Directions
Output, exactly and with no pictures, the line that contains "Petani memanen garam" and every line that comes after it in the data below, the last one included.

Provided material

Segment Open

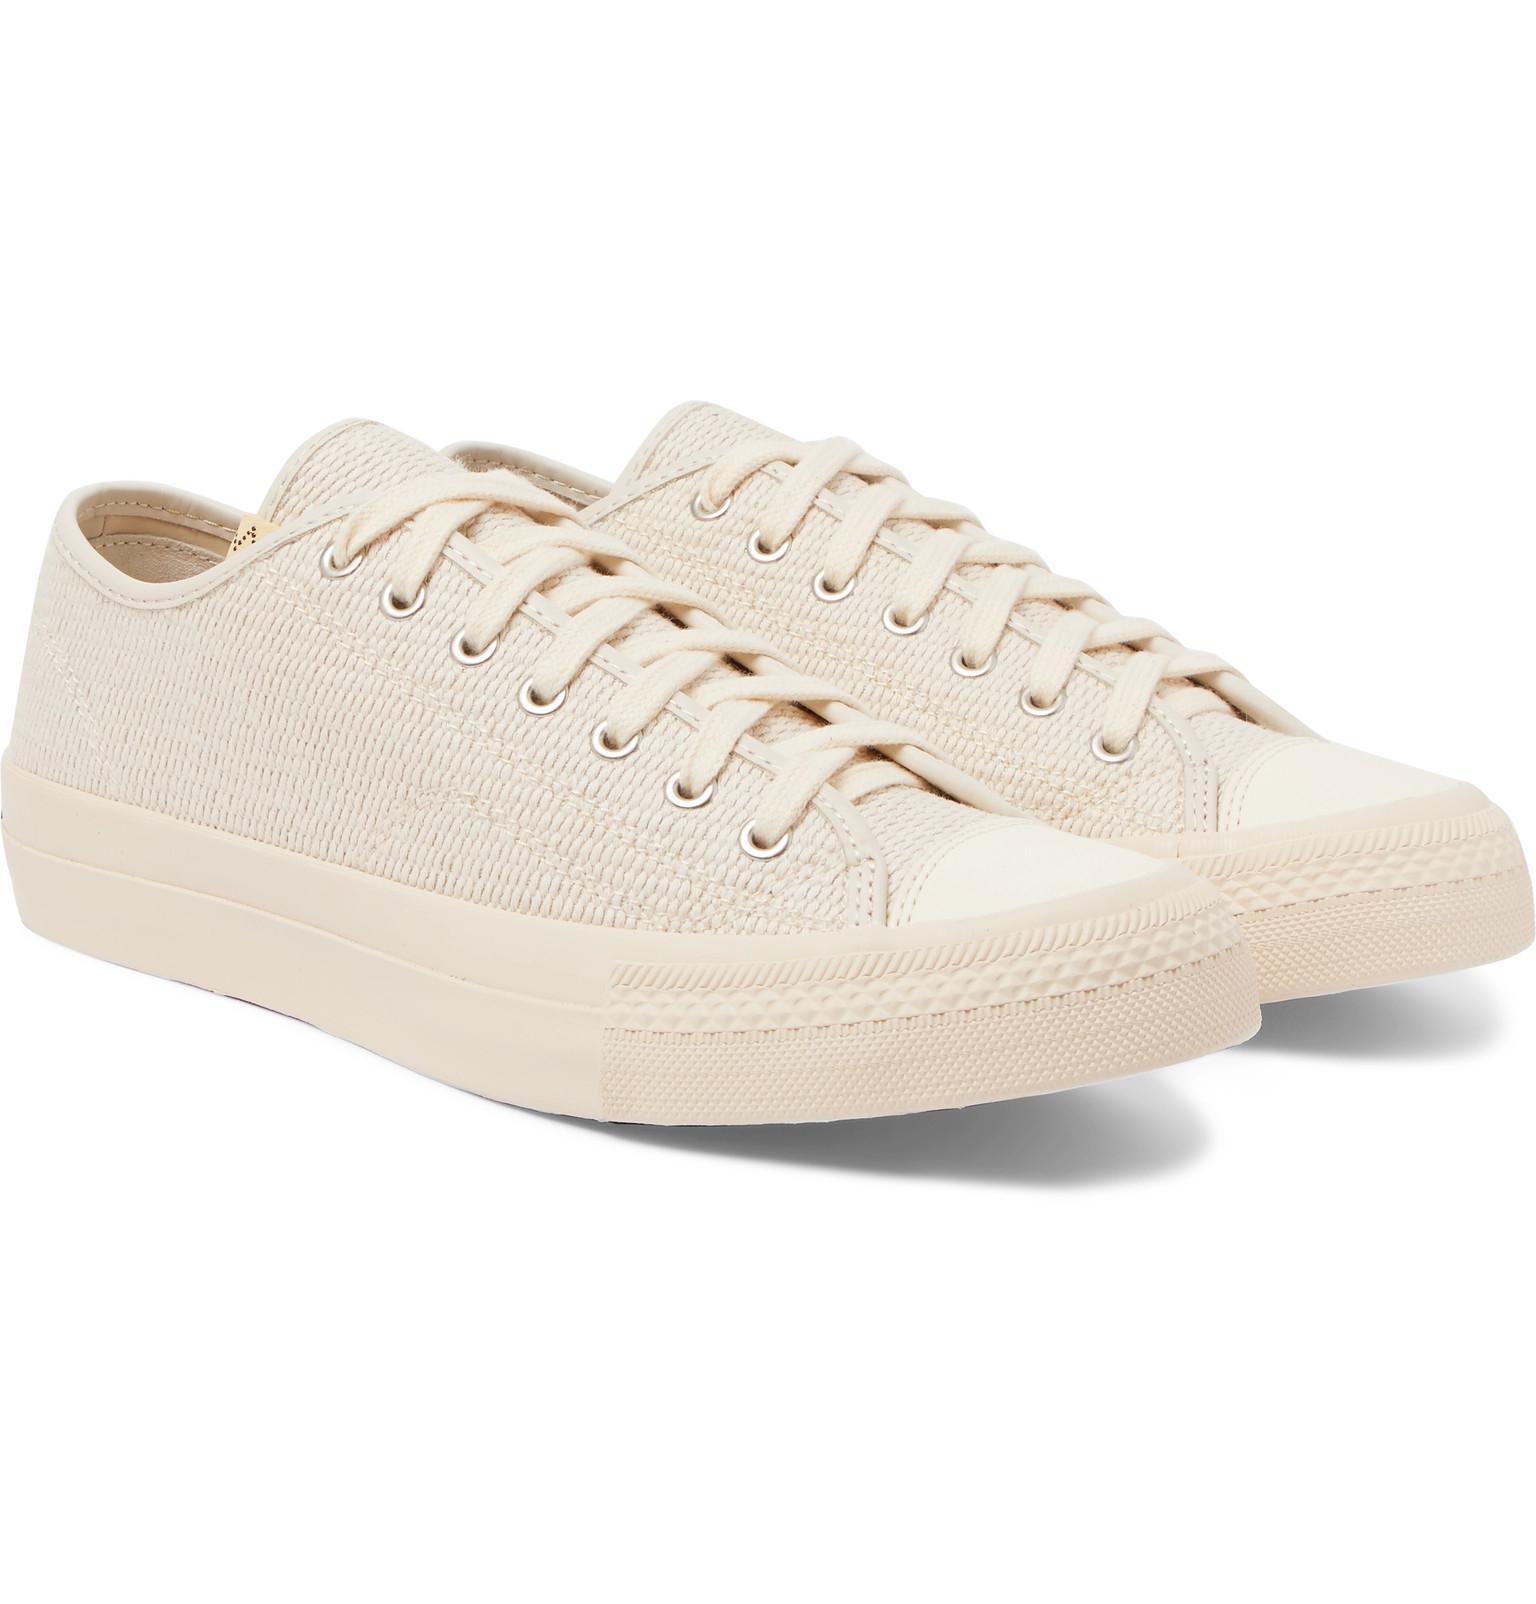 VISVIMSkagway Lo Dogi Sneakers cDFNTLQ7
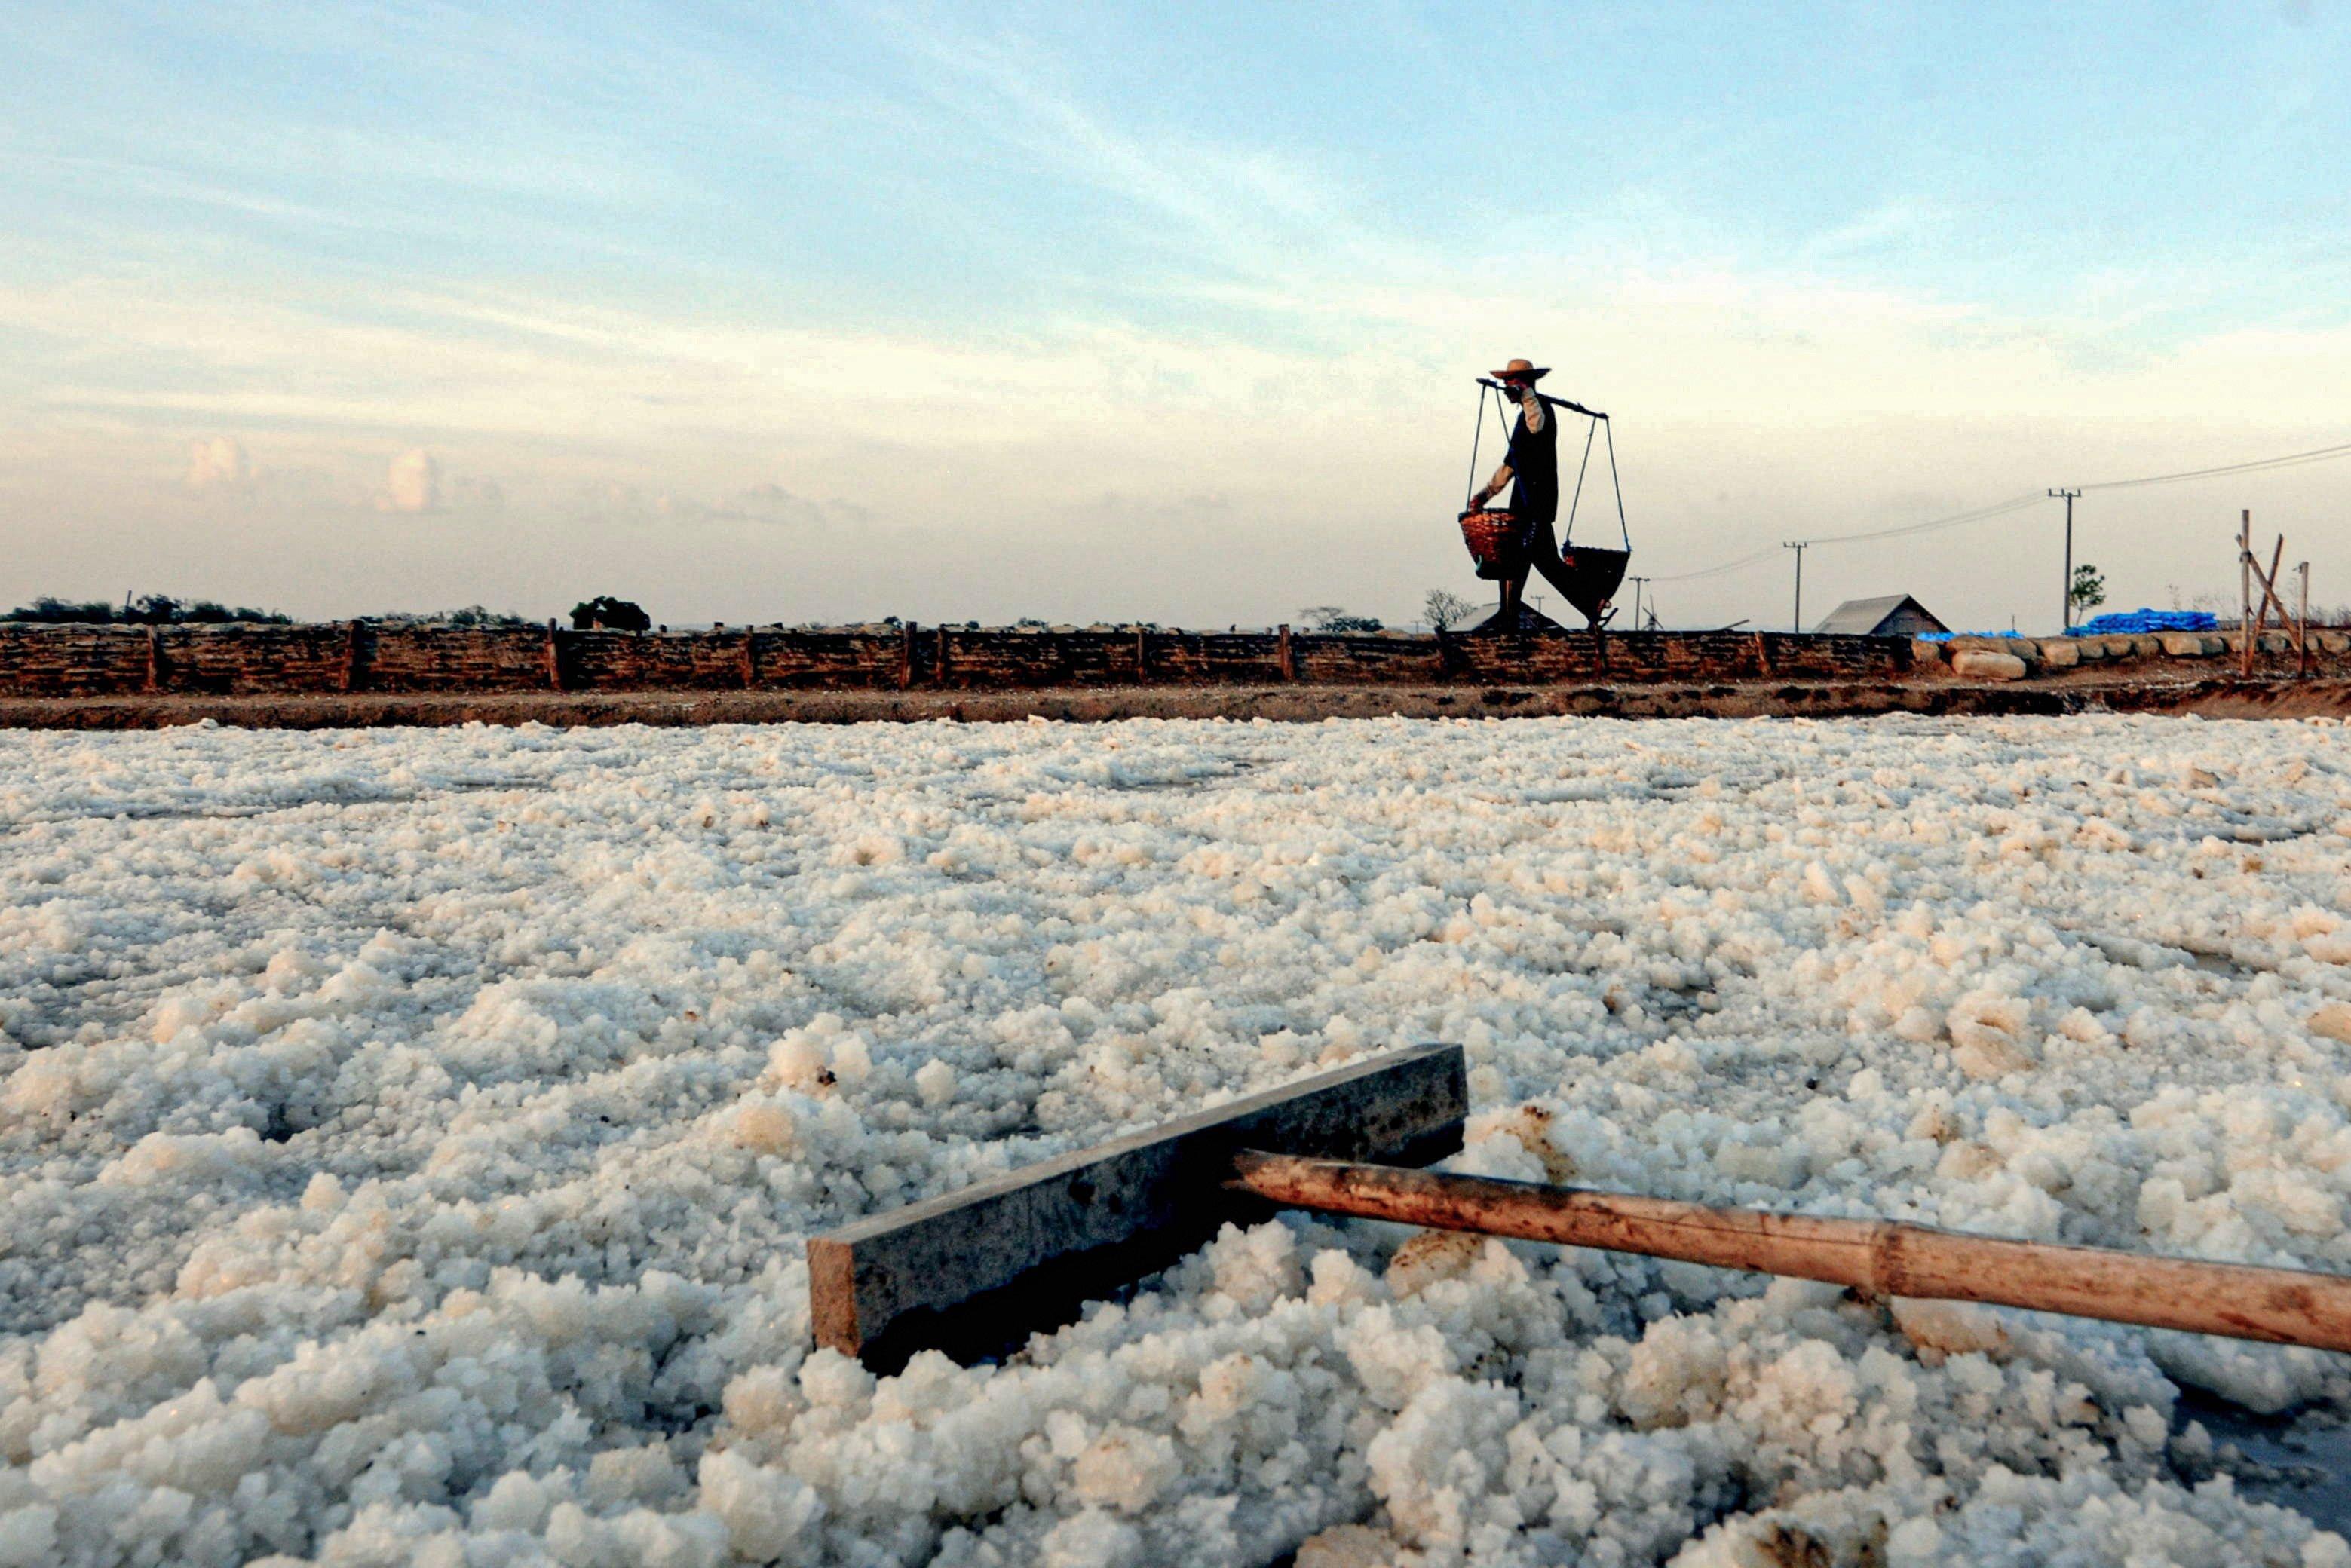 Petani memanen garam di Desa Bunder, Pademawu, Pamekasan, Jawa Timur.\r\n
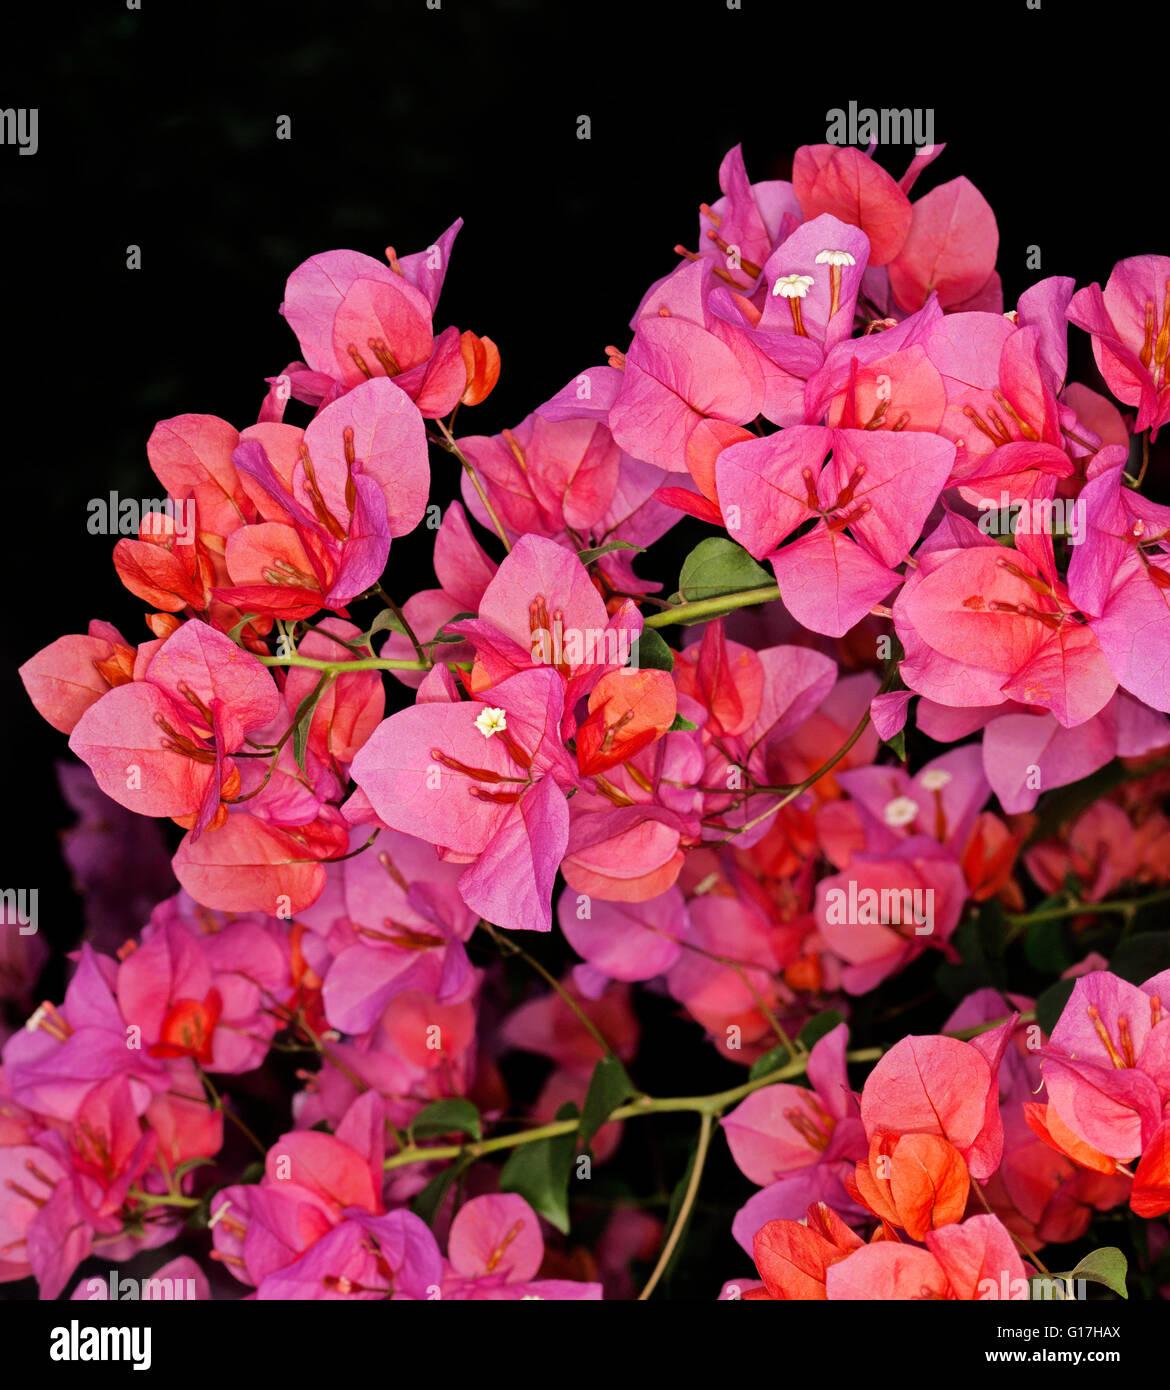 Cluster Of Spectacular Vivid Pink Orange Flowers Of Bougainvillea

Segment Closed

Final answer
 Petani memanen garam di Desa Bunder, Pademawu, Pamekasan, Jawa Timur.\r\n
 Cluster Of Spectacular Vivid Pink Orange Flowers Of Bougainvillea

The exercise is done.